Медсестра улыбнулась.
– А мы что же? – спросил я. – Нам что делать? Может, нам поехать… Куда отца отправили? В Низы?
– Не знаю, – вздохнула медсестра. – Это ведь не ко мне. Сейчас Юлия Владимировна придёт, она в инспекции несовершеннолетней работает. А вас надо посмотреть.
– Да с нами в порядке всё. – Светка стала чесать руку, запястье.
– Это пока неизвестно, – настойчиво сказала медсестра. – Симптомы могут быть скрытыми. Мозговые кровотечения, полостные кровотечения… Пойдёмте в кабинет, хотя бы давление измерим.
Я кивнул Светке. Та пожала плечами, почесала руку.
– Не переживайте за отца, – успокоила медсестра. – Там хорошее отделение, врачи опытные. А вас всё-таки надо осмотреть.

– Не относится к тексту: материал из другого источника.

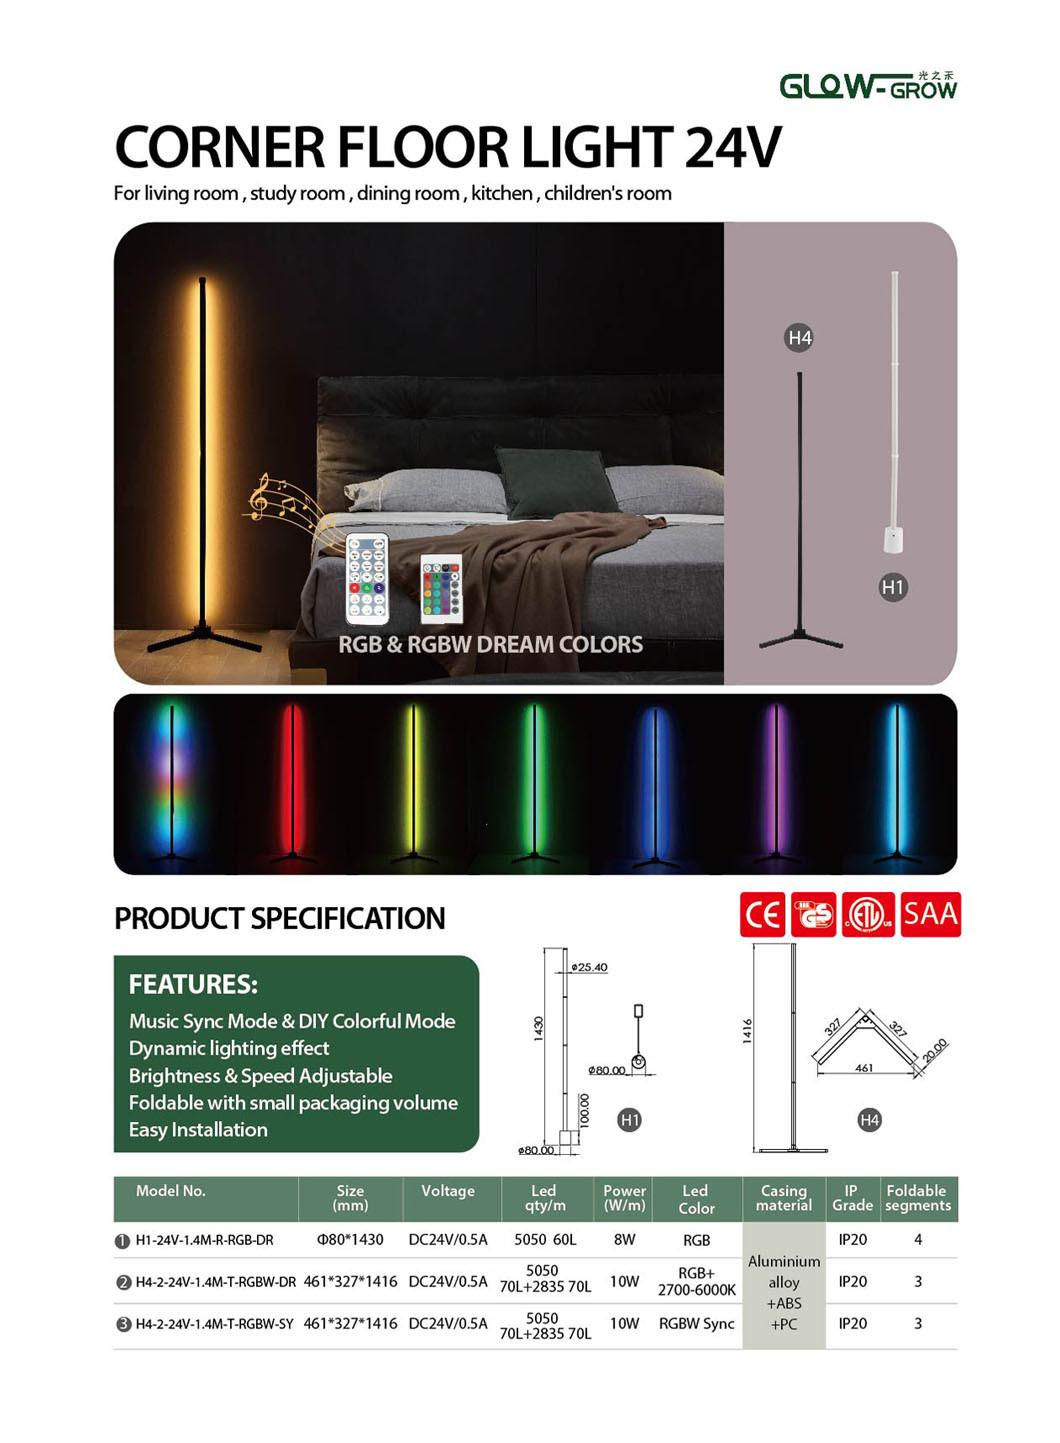 Ambiance Light RGBW Sync Multicolor Change LED Atmosphere Corner Floor Light for Illumination House Home Decoration

Мы не стали противиться, медсестра была неотвязная.
Кабинет был старинный, но аккуратный, с бывалыми медицинскими вещами, с облупившимися плакатами на стенах, с коричневым толстым телефоном с дисковым набором. Медсестра усадила нас на основательно штопаную кушетку и стала проверять наше состояние. При проверке она использовала весьма проверенные методы – слушала грудь и спину через деревянную трубку, выстукивала пальцами, мяла живот, глядела в глаза и с удовольствием стучала молоточком. По мне стучала сильнее и бесцеремонно, по Светке деликатнее. Светке она уделила времени гораздо больше, особенно долго изучала глаза и запястье, которое Светка уже успела расчесать. Выворачивала рассечённую губу, кривилась и щёлкала языком.
– Губу можно зашить, – сказала медсестра. – Я могу…
Сестра сняла с полки железную коробочку, откинула крышку. Внутри находились ветеринарных размеров иглы и моток ниток.
– Нет, спасибо, – отказалась Светка. – Само зарастёт.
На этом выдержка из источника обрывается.